Give back an exact copy of the lines in the records below, from the line that has "2019年「福建省申请人」商标申请量排行榜（TOP100）" through the line that has "中国水都,亚洲天池——丹江口市,这是湖北省的县级市,由十堰市代管", and nothing besides.

*RECORDS TO PROCESS:*
-*-*-
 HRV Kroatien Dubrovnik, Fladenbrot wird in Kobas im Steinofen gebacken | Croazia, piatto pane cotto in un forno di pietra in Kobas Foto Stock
-*-*-
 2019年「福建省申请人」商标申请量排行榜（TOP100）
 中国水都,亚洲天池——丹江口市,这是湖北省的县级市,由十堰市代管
-*-*-
*OUTPUT:*
 2019年「福建省申请人」商标申请量排行榜（TOP100）
 中国水都,亚洲天池——丹江口市,这是湖北省的县级市,由十堰市代管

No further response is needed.